When you reach the line containing "Cho Thuê Karaoke" in the records below, start copying exactly, and stop once you have copied the line containing "3840x2544 Dog 4k".
(Records shown Opens)
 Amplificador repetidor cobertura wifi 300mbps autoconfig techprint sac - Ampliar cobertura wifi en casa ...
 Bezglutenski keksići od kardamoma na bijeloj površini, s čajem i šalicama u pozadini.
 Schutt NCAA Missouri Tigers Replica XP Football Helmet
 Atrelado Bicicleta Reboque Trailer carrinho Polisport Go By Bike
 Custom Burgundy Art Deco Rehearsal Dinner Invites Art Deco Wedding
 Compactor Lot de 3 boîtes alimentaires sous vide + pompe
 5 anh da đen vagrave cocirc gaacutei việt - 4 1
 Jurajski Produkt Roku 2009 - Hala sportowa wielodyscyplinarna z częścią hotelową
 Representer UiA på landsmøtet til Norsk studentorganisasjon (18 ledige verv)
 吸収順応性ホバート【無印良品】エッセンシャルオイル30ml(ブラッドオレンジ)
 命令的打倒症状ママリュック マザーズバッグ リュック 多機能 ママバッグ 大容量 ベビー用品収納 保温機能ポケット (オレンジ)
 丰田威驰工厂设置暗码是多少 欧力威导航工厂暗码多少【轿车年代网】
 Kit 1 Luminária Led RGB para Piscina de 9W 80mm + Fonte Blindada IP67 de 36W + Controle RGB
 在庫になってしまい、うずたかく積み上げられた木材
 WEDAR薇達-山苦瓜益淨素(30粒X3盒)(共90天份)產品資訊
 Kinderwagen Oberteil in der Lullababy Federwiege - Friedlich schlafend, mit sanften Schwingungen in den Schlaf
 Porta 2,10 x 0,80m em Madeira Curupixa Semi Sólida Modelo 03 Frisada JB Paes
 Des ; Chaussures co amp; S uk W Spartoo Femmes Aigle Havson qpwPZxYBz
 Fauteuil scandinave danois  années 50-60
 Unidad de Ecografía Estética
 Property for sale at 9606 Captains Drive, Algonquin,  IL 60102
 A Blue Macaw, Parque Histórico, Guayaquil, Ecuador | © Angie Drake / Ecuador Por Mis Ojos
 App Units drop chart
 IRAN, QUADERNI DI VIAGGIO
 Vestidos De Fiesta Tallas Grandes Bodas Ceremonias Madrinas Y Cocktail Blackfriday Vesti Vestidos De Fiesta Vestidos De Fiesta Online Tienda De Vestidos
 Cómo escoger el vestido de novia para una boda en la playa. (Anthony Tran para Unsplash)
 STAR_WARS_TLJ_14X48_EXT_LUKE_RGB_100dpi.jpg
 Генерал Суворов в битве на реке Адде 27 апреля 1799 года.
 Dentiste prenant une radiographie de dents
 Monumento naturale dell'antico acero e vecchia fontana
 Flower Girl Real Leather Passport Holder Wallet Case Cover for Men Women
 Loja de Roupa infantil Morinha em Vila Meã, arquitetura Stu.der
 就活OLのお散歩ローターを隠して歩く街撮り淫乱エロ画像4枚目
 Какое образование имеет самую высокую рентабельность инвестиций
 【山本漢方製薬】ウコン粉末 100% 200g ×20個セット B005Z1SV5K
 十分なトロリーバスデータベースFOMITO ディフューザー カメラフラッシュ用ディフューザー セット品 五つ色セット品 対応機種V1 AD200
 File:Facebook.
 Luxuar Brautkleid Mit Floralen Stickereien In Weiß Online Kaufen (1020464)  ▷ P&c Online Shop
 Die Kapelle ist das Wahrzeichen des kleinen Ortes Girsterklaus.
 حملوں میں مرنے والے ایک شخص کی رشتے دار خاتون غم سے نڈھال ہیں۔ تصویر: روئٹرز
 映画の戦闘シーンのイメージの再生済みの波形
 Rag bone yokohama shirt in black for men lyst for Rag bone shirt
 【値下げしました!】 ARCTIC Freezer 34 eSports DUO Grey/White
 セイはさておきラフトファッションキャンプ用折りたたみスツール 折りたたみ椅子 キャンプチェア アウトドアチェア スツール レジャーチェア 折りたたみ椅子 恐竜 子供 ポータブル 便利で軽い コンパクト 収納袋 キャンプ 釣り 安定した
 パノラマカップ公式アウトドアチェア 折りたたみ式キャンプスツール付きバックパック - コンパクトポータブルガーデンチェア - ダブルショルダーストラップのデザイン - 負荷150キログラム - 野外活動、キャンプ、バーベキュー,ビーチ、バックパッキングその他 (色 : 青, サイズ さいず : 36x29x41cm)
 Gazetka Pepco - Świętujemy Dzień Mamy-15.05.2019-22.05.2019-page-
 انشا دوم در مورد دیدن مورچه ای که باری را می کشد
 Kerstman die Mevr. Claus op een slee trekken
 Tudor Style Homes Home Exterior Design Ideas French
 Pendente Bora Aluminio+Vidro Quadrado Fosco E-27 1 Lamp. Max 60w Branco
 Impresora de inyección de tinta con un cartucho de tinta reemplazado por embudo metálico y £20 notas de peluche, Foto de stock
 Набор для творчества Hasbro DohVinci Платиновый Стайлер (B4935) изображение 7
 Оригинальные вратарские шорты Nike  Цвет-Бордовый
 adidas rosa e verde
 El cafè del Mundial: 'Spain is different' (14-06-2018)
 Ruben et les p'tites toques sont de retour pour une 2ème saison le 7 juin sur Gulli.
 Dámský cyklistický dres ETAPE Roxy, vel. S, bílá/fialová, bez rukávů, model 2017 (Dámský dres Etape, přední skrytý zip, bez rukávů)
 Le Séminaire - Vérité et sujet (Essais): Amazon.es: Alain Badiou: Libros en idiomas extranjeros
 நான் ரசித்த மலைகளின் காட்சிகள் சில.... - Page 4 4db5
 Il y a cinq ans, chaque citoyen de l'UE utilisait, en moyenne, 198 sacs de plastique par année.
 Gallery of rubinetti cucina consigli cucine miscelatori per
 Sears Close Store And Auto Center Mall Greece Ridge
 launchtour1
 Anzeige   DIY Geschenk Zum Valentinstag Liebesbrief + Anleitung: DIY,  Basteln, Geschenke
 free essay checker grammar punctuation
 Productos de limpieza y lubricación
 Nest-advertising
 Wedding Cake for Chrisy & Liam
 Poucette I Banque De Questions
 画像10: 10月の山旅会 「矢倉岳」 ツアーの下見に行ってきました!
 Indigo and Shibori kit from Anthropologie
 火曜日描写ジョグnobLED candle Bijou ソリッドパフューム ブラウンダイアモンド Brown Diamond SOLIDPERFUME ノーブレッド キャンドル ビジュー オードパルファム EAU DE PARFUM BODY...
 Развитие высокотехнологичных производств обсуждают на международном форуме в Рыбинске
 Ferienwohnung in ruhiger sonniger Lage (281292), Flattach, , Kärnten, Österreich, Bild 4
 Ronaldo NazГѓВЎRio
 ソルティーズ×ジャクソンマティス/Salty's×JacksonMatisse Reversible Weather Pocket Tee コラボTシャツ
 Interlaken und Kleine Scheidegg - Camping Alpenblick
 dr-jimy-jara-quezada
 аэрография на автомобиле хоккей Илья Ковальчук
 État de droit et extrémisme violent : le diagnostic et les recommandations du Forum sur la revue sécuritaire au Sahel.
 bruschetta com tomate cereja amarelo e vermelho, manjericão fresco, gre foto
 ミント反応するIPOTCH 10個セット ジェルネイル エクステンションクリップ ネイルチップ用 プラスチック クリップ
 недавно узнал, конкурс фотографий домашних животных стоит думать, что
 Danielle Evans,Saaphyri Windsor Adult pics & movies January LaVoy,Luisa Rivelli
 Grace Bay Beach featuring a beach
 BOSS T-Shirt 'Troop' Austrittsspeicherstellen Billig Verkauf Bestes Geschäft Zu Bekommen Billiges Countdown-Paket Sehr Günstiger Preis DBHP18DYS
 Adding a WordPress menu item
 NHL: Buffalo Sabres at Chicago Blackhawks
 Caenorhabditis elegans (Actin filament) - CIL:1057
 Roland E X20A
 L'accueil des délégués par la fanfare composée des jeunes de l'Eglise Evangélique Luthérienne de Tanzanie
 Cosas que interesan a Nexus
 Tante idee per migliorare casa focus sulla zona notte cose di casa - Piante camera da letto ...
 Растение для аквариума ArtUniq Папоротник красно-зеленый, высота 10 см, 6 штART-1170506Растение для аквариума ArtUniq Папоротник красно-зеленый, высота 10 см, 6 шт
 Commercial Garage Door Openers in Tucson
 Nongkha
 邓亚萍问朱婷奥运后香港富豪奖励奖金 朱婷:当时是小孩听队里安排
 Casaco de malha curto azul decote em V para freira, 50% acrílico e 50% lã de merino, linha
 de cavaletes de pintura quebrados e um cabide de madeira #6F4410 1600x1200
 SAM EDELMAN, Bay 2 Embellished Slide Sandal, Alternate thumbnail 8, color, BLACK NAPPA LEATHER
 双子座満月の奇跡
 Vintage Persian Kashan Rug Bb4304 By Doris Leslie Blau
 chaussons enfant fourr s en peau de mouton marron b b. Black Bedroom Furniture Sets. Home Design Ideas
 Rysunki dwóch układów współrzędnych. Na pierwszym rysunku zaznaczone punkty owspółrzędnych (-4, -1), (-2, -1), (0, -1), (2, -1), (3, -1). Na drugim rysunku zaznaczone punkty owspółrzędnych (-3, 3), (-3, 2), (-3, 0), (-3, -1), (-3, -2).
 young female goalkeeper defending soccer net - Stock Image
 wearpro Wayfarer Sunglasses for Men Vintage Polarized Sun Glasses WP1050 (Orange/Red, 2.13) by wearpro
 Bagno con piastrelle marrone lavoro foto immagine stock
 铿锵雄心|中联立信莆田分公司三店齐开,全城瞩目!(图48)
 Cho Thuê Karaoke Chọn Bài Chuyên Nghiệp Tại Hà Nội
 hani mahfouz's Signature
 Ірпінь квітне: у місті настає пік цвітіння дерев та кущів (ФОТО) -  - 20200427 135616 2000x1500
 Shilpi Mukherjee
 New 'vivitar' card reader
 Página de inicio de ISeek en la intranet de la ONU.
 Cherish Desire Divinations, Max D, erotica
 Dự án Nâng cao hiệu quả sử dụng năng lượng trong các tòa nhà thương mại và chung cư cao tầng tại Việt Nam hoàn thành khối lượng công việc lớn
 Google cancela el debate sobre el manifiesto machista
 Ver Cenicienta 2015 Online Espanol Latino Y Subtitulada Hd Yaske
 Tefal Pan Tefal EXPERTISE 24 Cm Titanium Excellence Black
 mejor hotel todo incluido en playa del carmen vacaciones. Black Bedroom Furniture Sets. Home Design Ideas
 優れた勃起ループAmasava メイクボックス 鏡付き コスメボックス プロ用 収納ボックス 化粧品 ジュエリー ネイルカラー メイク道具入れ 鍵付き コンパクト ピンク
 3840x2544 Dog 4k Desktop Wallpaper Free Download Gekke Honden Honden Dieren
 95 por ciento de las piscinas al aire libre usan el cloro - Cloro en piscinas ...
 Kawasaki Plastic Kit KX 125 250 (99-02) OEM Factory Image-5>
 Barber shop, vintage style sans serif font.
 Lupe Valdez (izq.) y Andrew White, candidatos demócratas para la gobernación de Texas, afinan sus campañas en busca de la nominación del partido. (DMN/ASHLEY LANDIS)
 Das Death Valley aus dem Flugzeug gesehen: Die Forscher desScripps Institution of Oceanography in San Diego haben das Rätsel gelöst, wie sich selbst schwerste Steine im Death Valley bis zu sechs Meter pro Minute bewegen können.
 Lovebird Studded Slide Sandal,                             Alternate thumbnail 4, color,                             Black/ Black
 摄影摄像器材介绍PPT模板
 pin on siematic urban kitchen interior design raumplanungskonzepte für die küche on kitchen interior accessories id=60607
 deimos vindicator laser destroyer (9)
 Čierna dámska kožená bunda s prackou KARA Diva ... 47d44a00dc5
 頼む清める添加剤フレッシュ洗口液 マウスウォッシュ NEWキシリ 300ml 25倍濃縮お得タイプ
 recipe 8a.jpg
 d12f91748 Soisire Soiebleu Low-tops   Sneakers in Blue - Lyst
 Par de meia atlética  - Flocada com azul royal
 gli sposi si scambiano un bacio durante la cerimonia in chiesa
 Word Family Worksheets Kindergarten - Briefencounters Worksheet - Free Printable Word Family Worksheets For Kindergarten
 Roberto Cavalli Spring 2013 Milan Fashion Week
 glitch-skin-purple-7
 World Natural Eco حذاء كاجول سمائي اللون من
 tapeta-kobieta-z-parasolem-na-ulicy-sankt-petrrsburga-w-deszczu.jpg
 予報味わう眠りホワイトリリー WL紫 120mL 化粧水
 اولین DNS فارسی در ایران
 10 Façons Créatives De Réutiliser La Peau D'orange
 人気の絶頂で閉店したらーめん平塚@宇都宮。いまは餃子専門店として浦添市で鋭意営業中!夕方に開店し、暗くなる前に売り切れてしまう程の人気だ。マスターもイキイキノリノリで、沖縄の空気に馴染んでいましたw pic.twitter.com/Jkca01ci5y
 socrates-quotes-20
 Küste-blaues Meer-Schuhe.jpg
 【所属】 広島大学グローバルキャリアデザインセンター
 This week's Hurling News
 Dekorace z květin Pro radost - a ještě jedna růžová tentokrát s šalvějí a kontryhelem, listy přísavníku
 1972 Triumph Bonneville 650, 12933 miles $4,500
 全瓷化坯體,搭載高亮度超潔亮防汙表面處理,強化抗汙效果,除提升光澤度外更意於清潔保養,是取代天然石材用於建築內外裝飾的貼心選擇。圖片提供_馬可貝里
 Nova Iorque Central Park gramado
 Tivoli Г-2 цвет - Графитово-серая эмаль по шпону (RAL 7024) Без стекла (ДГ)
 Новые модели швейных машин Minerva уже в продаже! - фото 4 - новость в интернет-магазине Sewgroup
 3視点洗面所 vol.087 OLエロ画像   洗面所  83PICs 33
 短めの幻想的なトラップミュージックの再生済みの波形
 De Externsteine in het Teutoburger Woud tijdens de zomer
(Records shown Closes)
[Exercise answer]
 Cho Thuê Karaoke Chọn Bài Chuyên Nghiệp Tại Hà Nội
 hani mahfouz's Signature
 Ірпінь квітне: у місті настає пік цвітіння дерев та кущів (ФОТО) -  - 20200427 135616 2000x1500
 Shilpi Mukherjee
 New 'vivitar' card reader
 Página de inicio de ISeek en la intranet de la ONU.
 Cherish Desire Divinations, Max D, erotica
 Dự án Nâng cao hiệu quả sử dụng năng lượng trong các tòa nhà thương mại và chung cư cao tầng tại Việt Nam hoàn thành khối lượng công việc lớn
 Google cancela el debate sobre el manifiesto machista
 Ver Cenicienta 2015 Online Espanol Latino Y Subtitulada Hd Yaske
 Tefal Pan Tefal EXPERTISE 24 Cm Titanium Excellence Black
 mejor hotel todo incluido en playa del carmen vacaciones. Black Bedroom Furniture Sets. Home Design Ideas
 優れた勃起ループAmasava メイクボックス 鏡付き コスメボックス プロ用 収納ボックス 化粧品 ジュエリー ネイルカラー メイク道具入れ 鍵付き コンパクト ピンク
 3840x2544 Dog 4k Desktop Wallpaper Free Download Gekke Honden Honden Dieren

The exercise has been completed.